▼
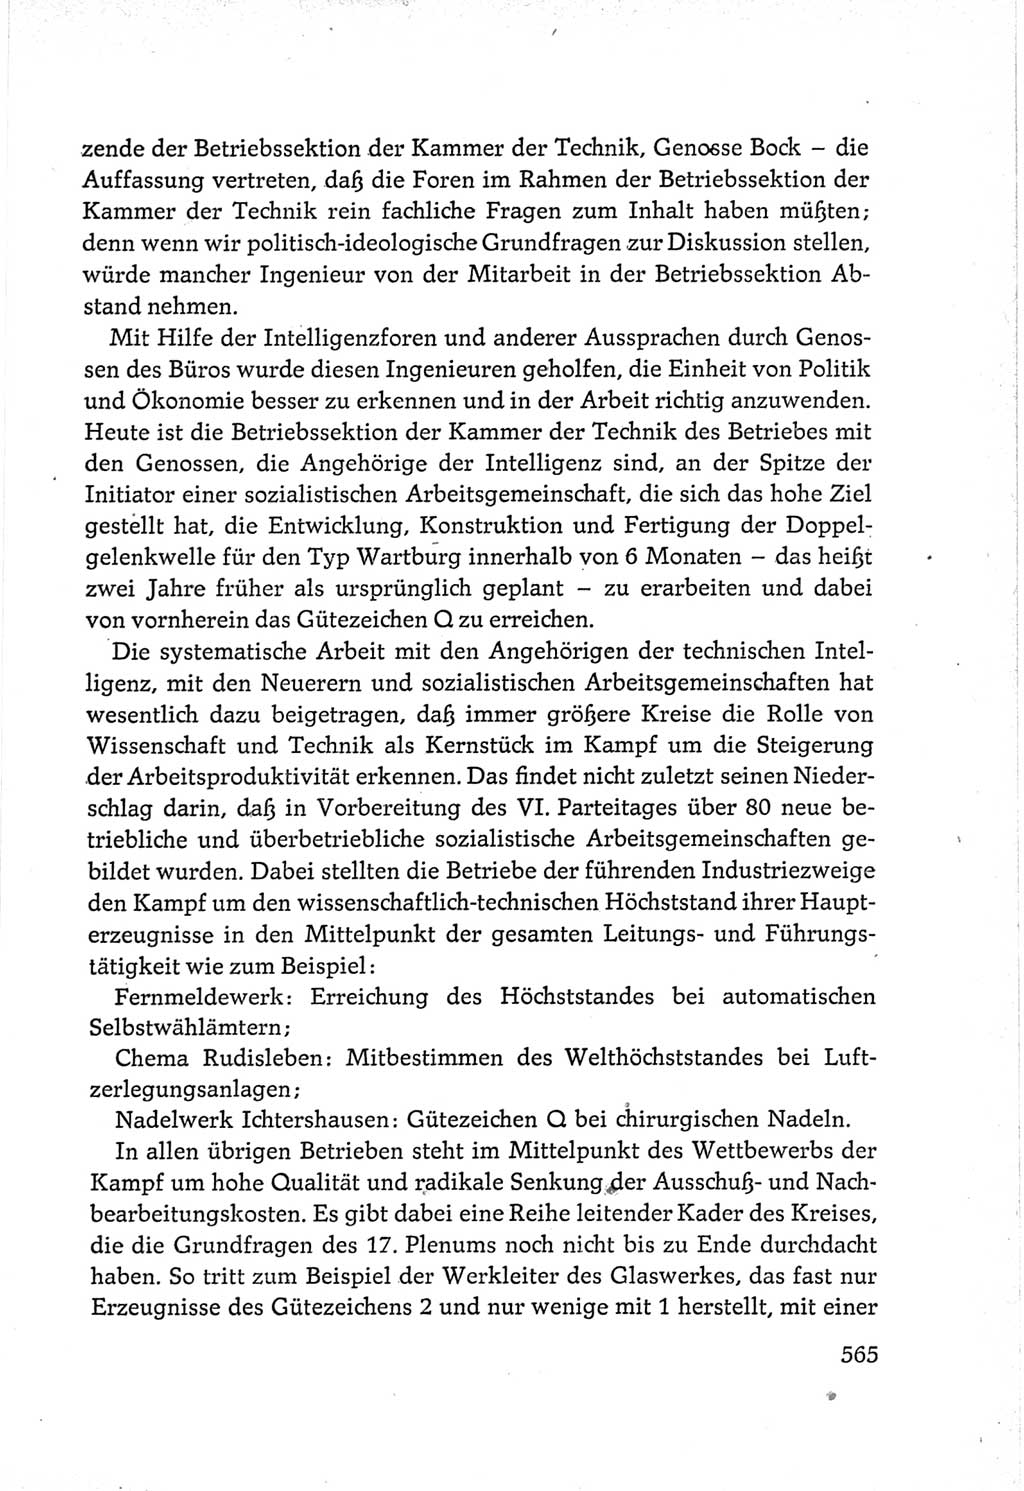 Protokoll der Verhandlungen des Ⅵ. Parteitages der Sozialistischen Einheitspartei Deutschlands (SED) [Deutsche Demokratische Republik (DDR)] 1963, Band Ⅲ, Seite 565 (Prot. Verh. Ⅵ. PT SED DDR 1963, Bd. Ⅲ, S. 565)
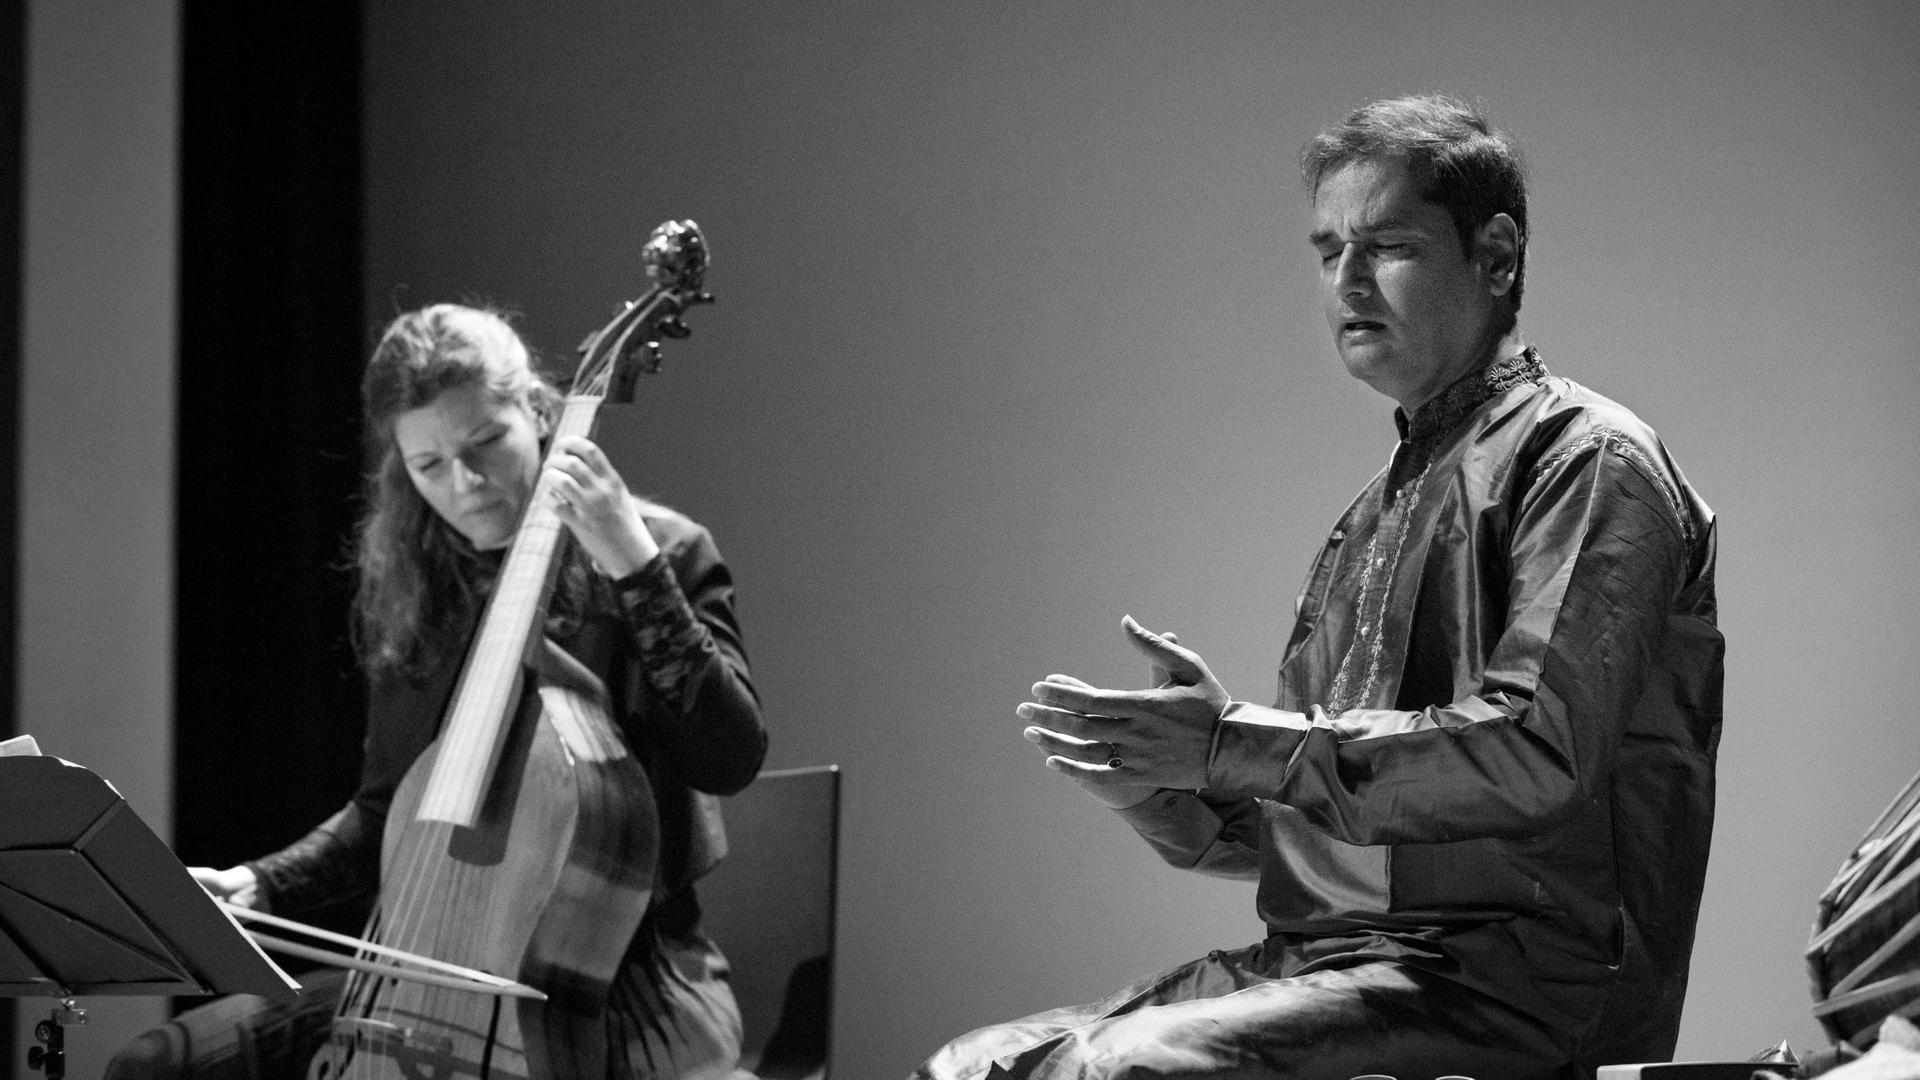 Eine Frau spielt auf einem Streichinstrument, einer Gambe, rechts neben ihr sitzt ein Mann und singt. Beide wirken versunken in die Musik. Das Foto ist in Grautönen aufgenommen.
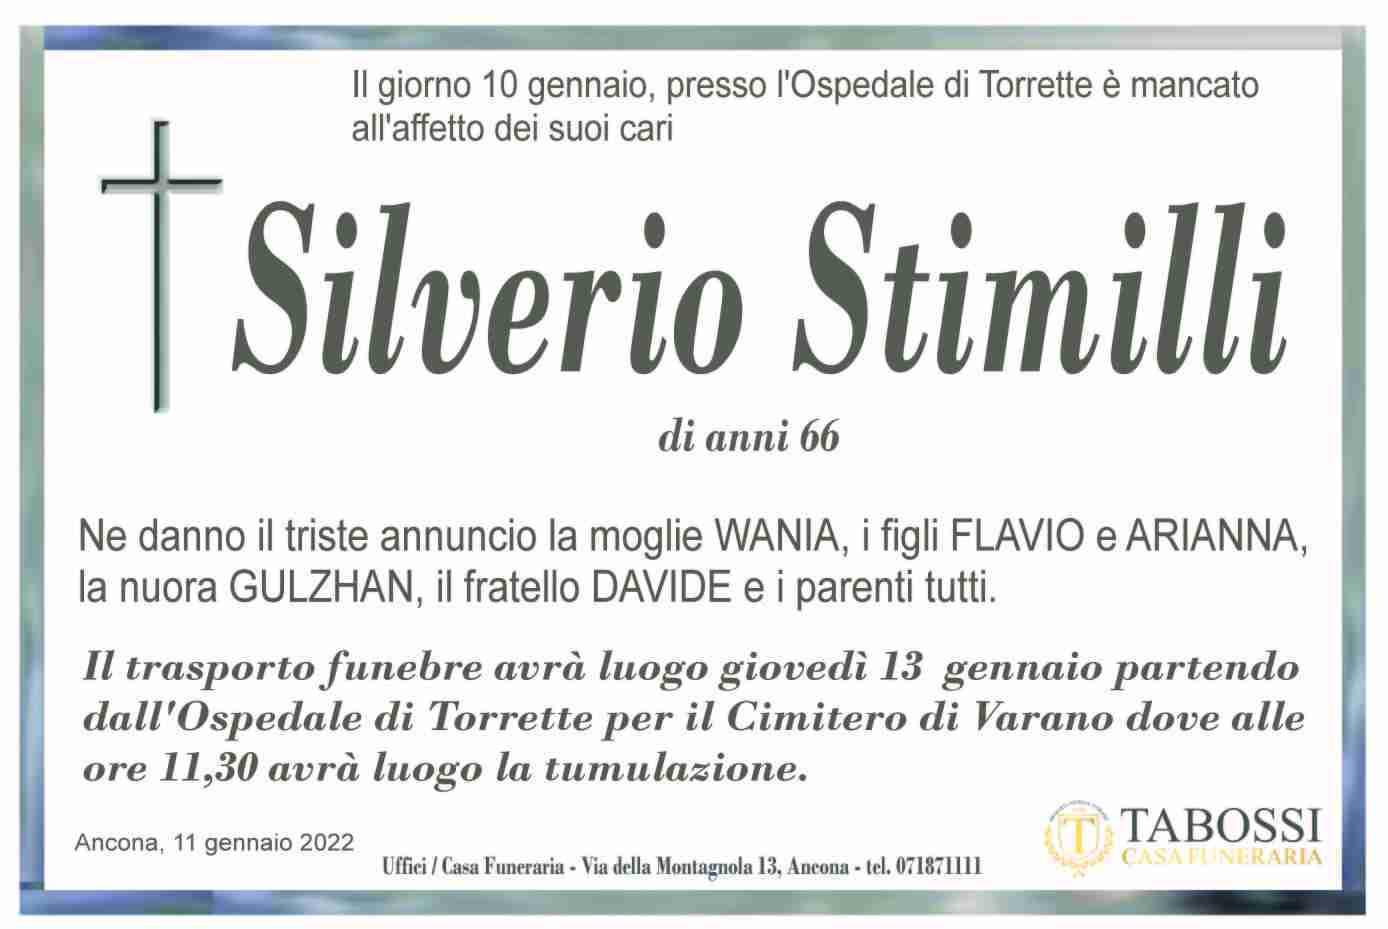 Silverio Stimilli
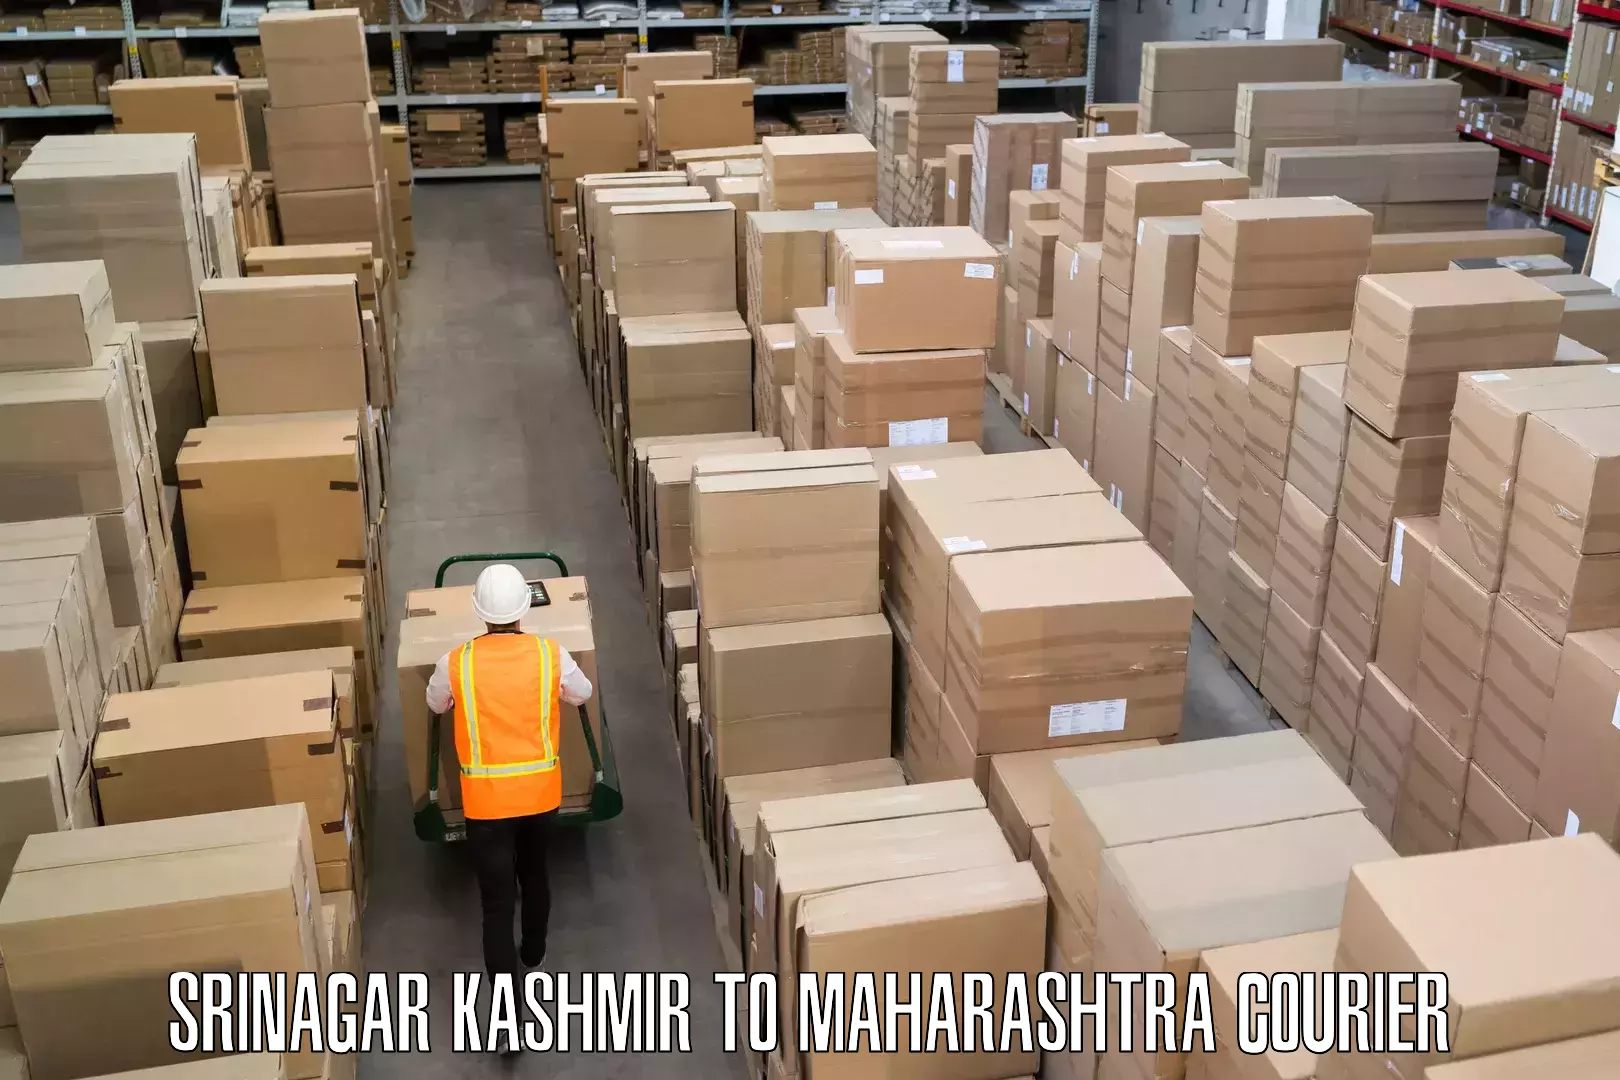 Baggage delivery management Srinagar Kashmir to Maharashtra
▲
*EXERCISE BRIEF:* Write the listing out exactly, apart from its pictures.

*RESPONSE BELOW:*
 Protokoll der Verhandlungen des Ⅵ. Parteitages der Sozialistischen Einheitspartei Deutschlands (SED) [Deutsche Demokratische Republik (DDR)] 1963, Band Ⅲ, Seite 565 (Prot. Verh. Ⅵ. PT SED DDR 1963, Bd. Ⅲ, S. 565)
 Eine Frau spielt auf einem Streichinstrument, einer Gambe, rechts neben ihr sitzt ein Mann und singt. Beide wirken versunken in die Musik. Das Foto ist in Grautönen aufgenommen.
 Silverio Stimilli
 Baggage delivery management Srinagar Kashmir to Maharashtra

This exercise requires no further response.